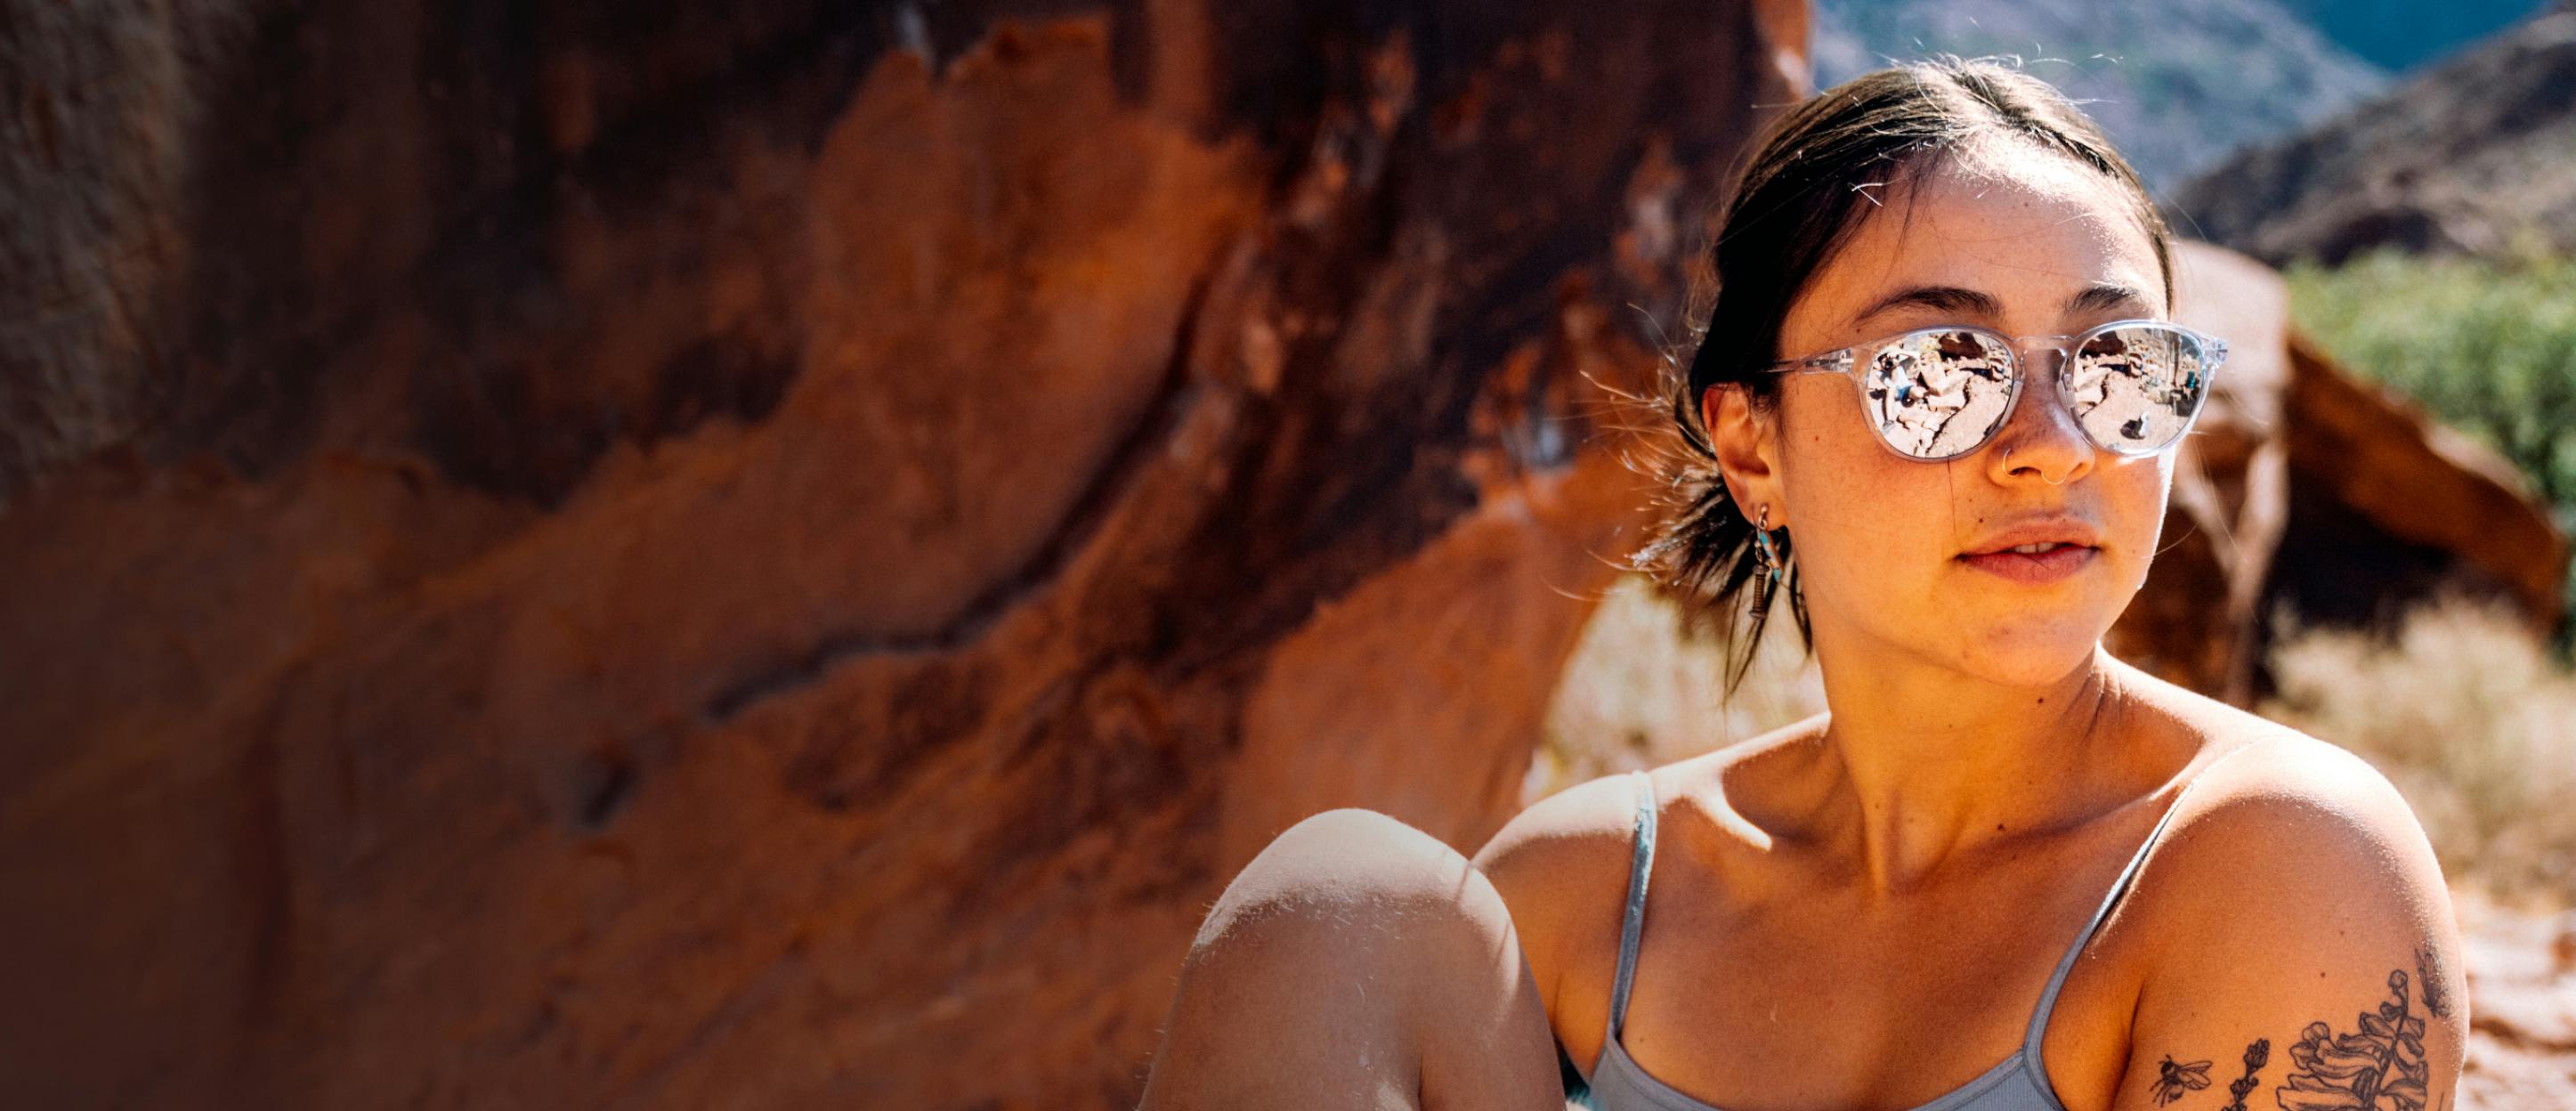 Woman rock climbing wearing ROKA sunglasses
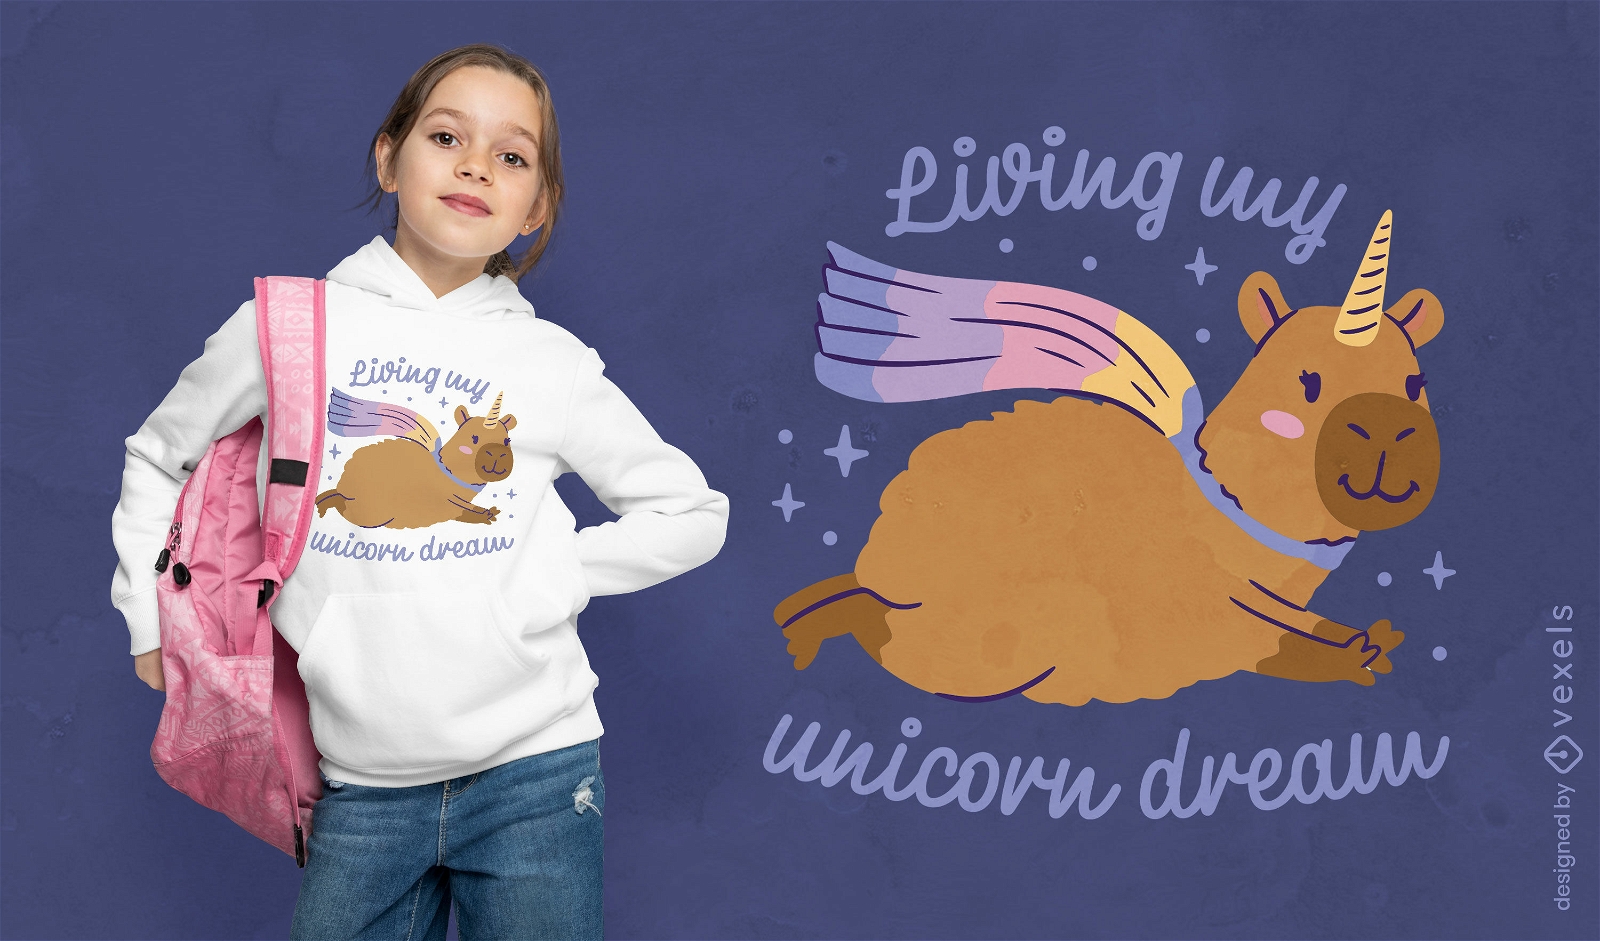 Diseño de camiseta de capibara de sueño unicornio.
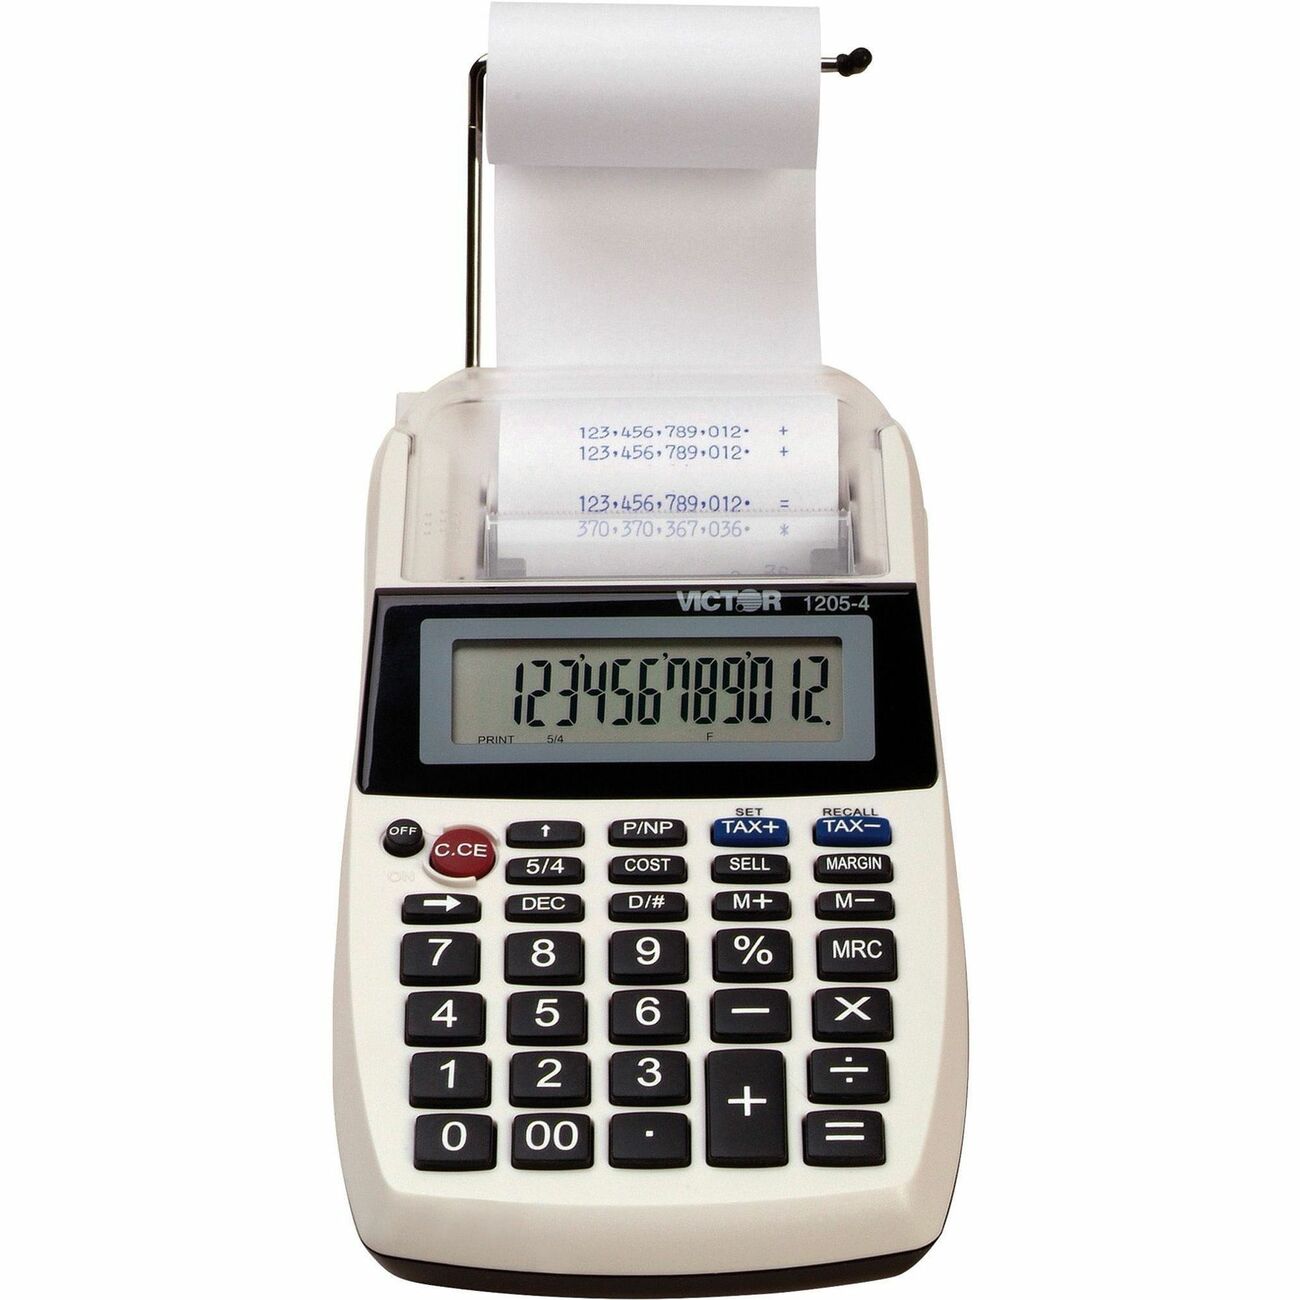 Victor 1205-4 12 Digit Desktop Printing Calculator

#### WORK TO BE COMPLETED:
Since the pictures are not part of the copy, transcribe only the remaining material, exactly.

#### TASK RESPONSE:
 Woman rock climbing wearing ROKA sunglasses
 Diseño de camiseta de capibara de sueño unicornio.
 Victor 1205-4 12 Digit Desktop Printing Calculator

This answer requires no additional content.